La poésie a toujours su conjuguer beauté du verbe et force de l’engagement, faisant de l’esthétique un outil de combat politique. De Victor Hugo, dénonçant l’injustice et l’oppression, à Louis Aragon, mêlant lyrisme et résistance, elle porte une parole qui éclaire, interroge et mobilise. Cette poésie s’inscrit dans cette filiation : dire le politique sans renoncer à la puissance sensible du poème.

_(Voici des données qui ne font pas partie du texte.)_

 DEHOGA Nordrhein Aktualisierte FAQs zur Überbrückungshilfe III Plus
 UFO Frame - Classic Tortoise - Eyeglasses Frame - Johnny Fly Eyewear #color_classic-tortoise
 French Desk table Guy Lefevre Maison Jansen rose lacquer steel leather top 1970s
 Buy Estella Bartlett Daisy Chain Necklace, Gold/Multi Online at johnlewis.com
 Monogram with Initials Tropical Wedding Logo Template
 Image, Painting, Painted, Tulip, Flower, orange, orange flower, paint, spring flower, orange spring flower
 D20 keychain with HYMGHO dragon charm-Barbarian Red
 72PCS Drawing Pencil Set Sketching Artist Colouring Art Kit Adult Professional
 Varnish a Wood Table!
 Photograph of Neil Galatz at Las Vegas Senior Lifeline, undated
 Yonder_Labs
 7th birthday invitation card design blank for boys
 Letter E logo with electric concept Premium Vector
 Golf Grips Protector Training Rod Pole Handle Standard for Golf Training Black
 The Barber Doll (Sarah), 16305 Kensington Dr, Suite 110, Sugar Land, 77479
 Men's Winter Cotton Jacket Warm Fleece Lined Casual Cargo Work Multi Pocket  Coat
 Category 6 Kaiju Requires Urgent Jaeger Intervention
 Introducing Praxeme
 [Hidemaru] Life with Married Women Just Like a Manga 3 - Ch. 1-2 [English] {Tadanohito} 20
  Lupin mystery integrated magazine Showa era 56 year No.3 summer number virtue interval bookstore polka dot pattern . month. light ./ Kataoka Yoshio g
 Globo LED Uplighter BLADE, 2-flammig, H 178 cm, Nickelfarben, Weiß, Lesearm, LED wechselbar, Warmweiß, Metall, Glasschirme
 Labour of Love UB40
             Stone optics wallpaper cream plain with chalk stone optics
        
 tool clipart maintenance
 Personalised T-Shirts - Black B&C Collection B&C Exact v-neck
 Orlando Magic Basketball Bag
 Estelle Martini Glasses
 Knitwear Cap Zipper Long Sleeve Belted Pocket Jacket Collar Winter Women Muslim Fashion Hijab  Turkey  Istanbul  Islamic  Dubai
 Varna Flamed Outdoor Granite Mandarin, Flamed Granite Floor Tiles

IC vous propose en feuilleton la parution d’une sélection de poèmes de Bernard Villanueva
L’Sarkollywood se voit déjà en haut d’l’affiche
Dans les journaux, à la télé, bien natürlich
Comme Belmondo plisse le front. Veut tous les rôles
Mais l’Sarkomique n’est pour le fait qu’un mauvais drôle
Rêve d’être caniche premier ! de Bush : Sarkonirique
Para-belhomme de Sarkowboy en Amérique
insulte, trépigne, et injurie : l’Sarkolérique
Se fait grand clerc en toute matière : le sarkosmique
Mais Sarkol’chique
C’est pas d’la chique
Beau dès l’matin,
Comme Martin
Comme Miss souris
Beau su’ l’midi,
Sarcorpsbeau l’soir
Faut l’croire pour l’voir
P’tit Nicolas, c’est pas d’sa faute: l’Sarkoptimôme
À Guillevinec joue les Tarzan d’sanatorium
« Il s’rait plus doué pour faire le clown dans un péplum
Sarconfiguration en cage au cirque Barnum »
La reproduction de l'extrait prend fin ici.